Jika kita amati dari sisi keterpengaruhan, maka secara pragmatis iklan
televisi mudah mempengaruhi kelompok remaja dibandingkan kelompok dewasa.
Artinya, jika teori S-O-R kita hubungkan dengan keberadaan remaja, maka
kekuatan rangsangan iklan televisi begitu kental dalam memantulkan respon yang
sebanding. Sistem seleksi yang semestinya melalui proses penyaringan yang ketat
terkalahkan oleh sifat mudah dipengaruhi. Akibatnya terjadi pergeseran
implementasi toritikal dari teori S-O-R menjadi teori S-R. Artinya, respon yang
ditimbulkan sebagai konsekuensi adanya stimulus iklan televisi yang diterima
remaja tanpa melalui filter organisme yang ketat.
Kontribusi Teori S-O-R begitu terlihat dalam iklan televisi. Dilihat dari
sudut pandang target sasaran, secara kondisional yang gampang dipersuasi adalah
remaja. Remaja. Remaja yang masih berada pada masa transisi memiliki tingkat
selekivitas yang lebih rendah di bandingkan dengan dengan orang dewasa.
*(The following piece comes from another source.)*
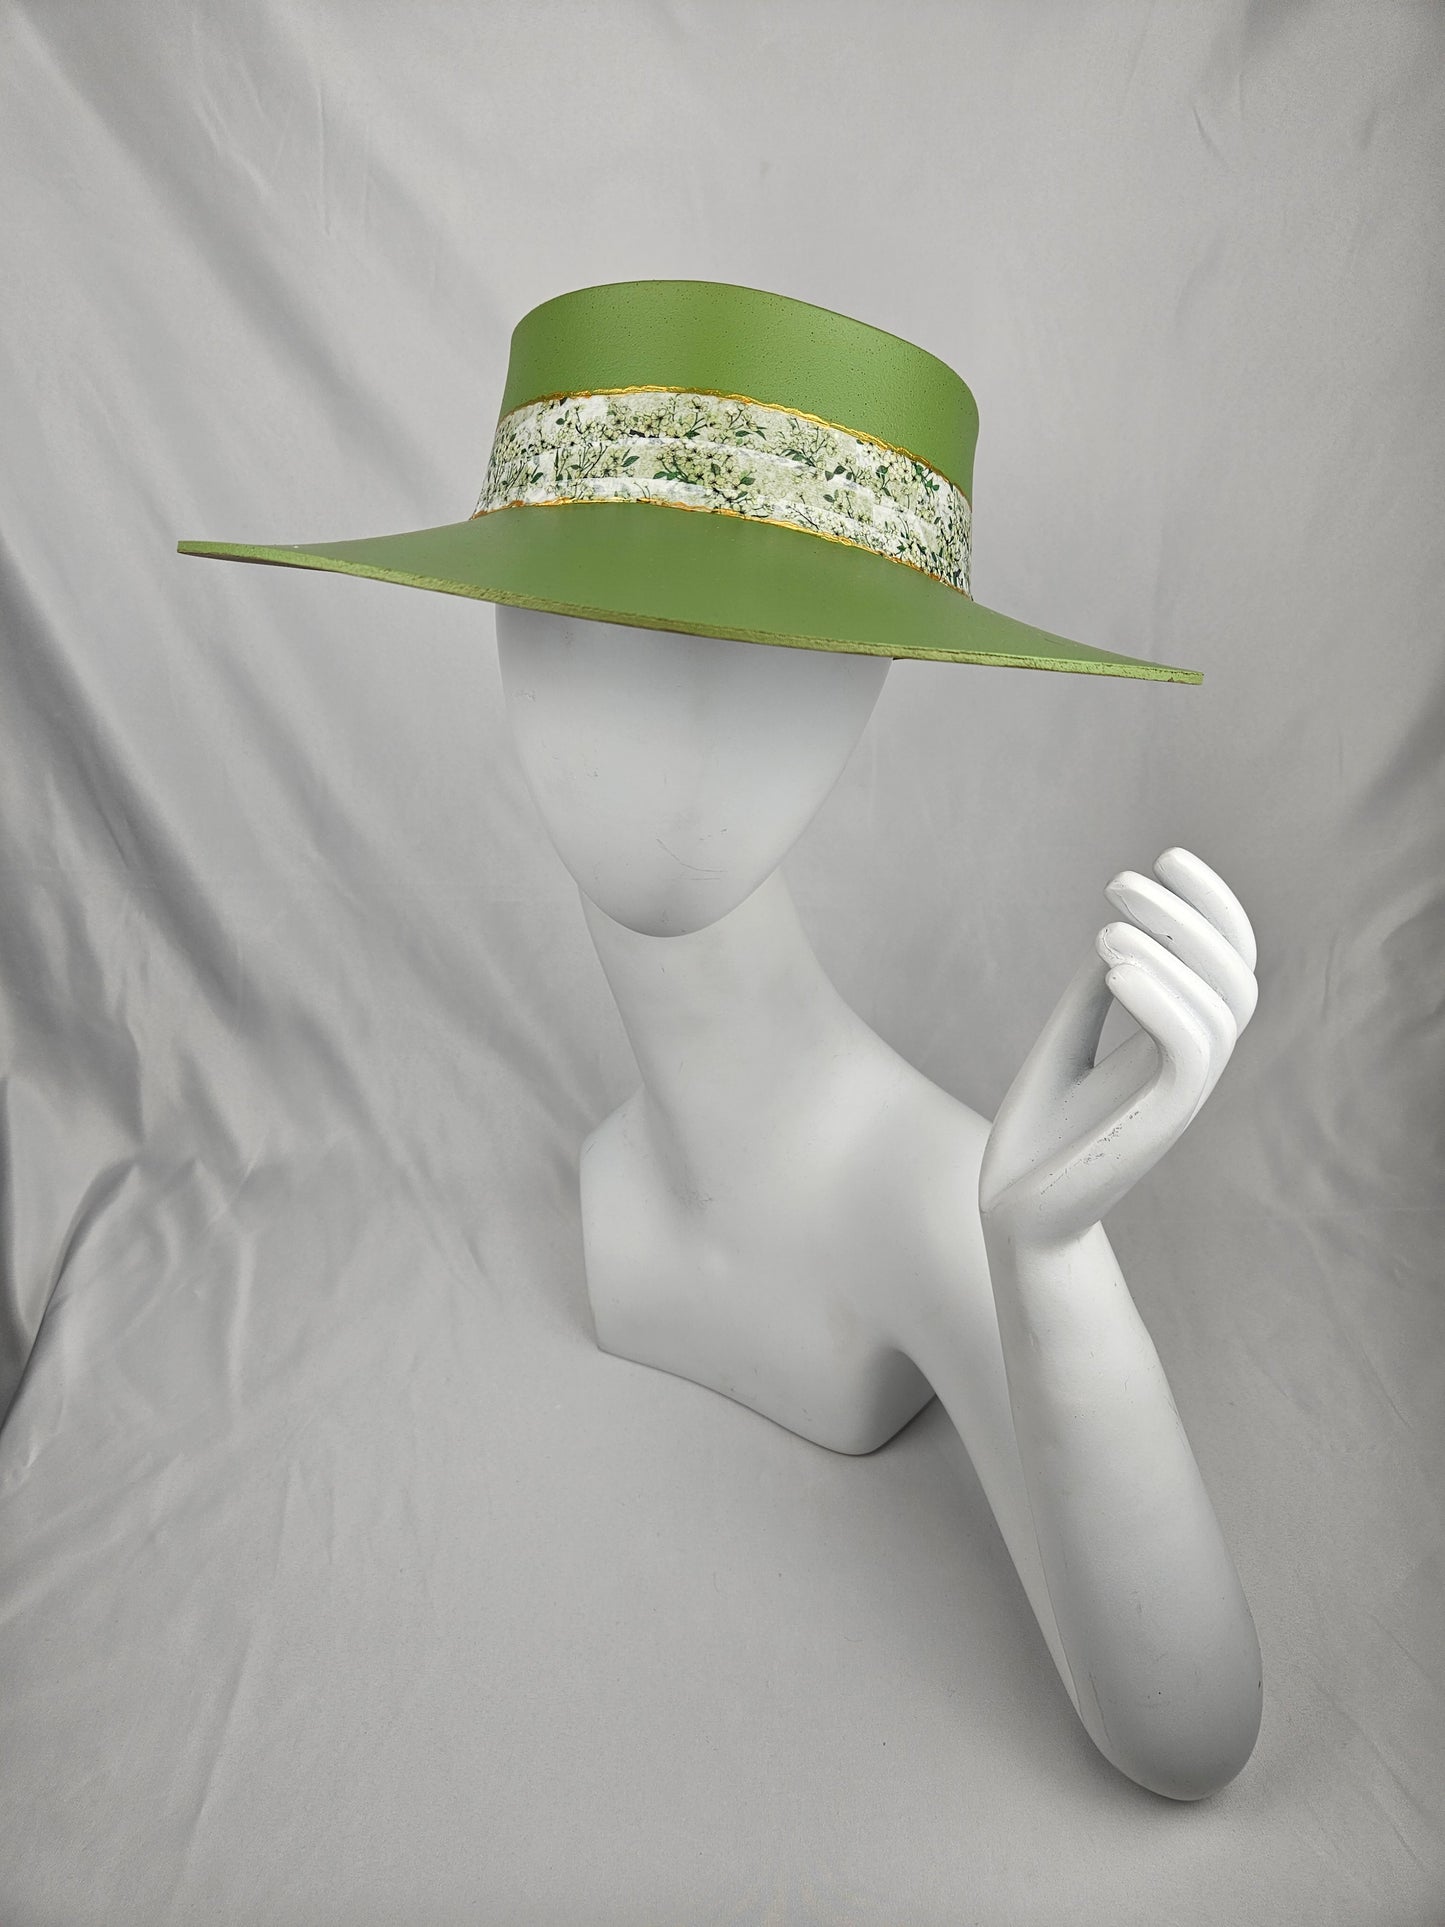 Spring/Summer Green Audrey Foam Sun Visor Hat with Bright Green Garden Band and Handpainted Floral Motif: 1950s, Derby, Garden, Golf, Pool, UV Resistant, No Headache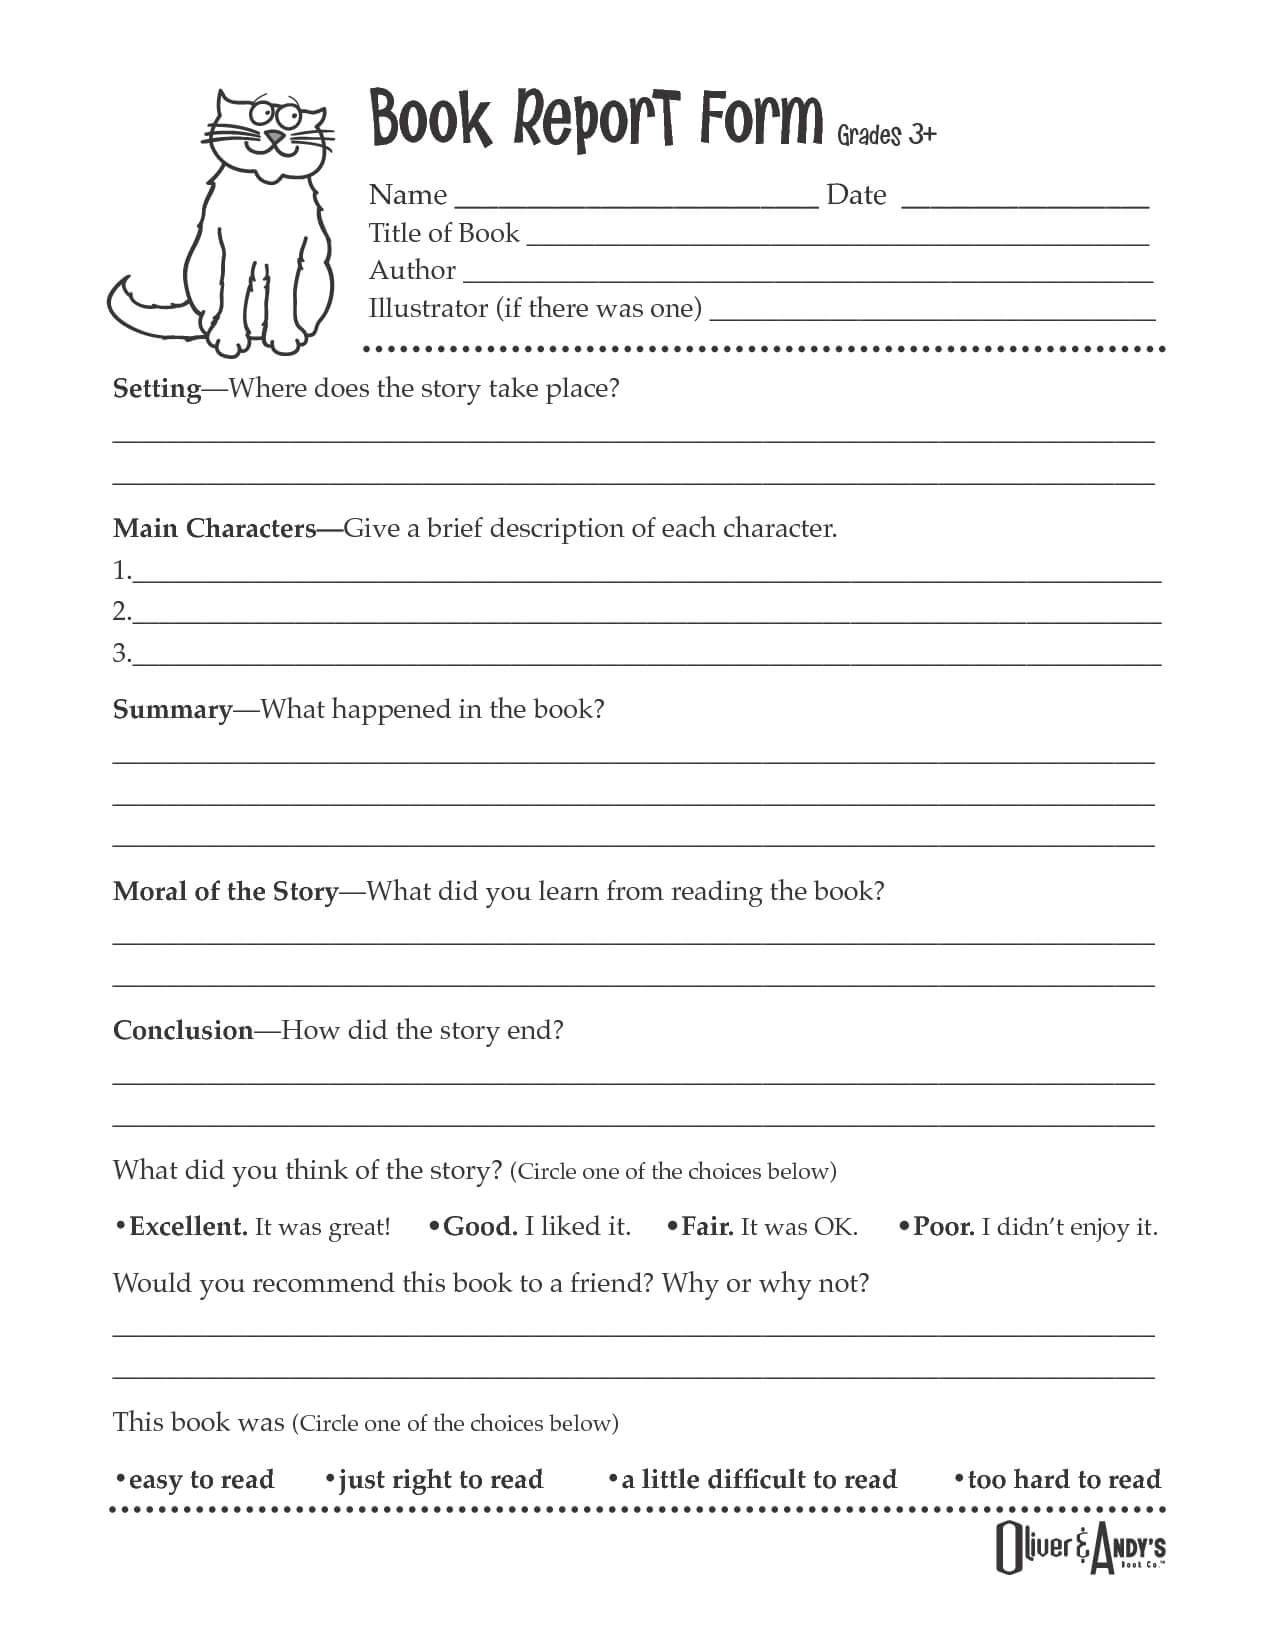 Second Grade Book Report Template | Book Report Form Grades With 2Nd Grade Book Report Template

Konsekuensinya, wajar jika remaja menjadi kelompok sasaran utama iklan
televisi. Akibatnya, tanpa disadari remaja telah memposisikan diri sebagai
kelompok hedonis dengan rating tinggi. Keinginan yang selalu menggebu-gebu
dalam memenuhi kebutuhan hidup adalah indikasi yang pas sekaligus
menggambarkan betapa remaja begitu sukar untuk menunda desakan kebutuhan
emosinya. Membeli dan mencoba seakan menjadi bagian hidup remaja yang
sejalan dengan mengkristalnya kognisi tentang aneka ragam kebutuhan yang
ditawarkan televisi melalui iklannya yang akomodatif dan fantastis.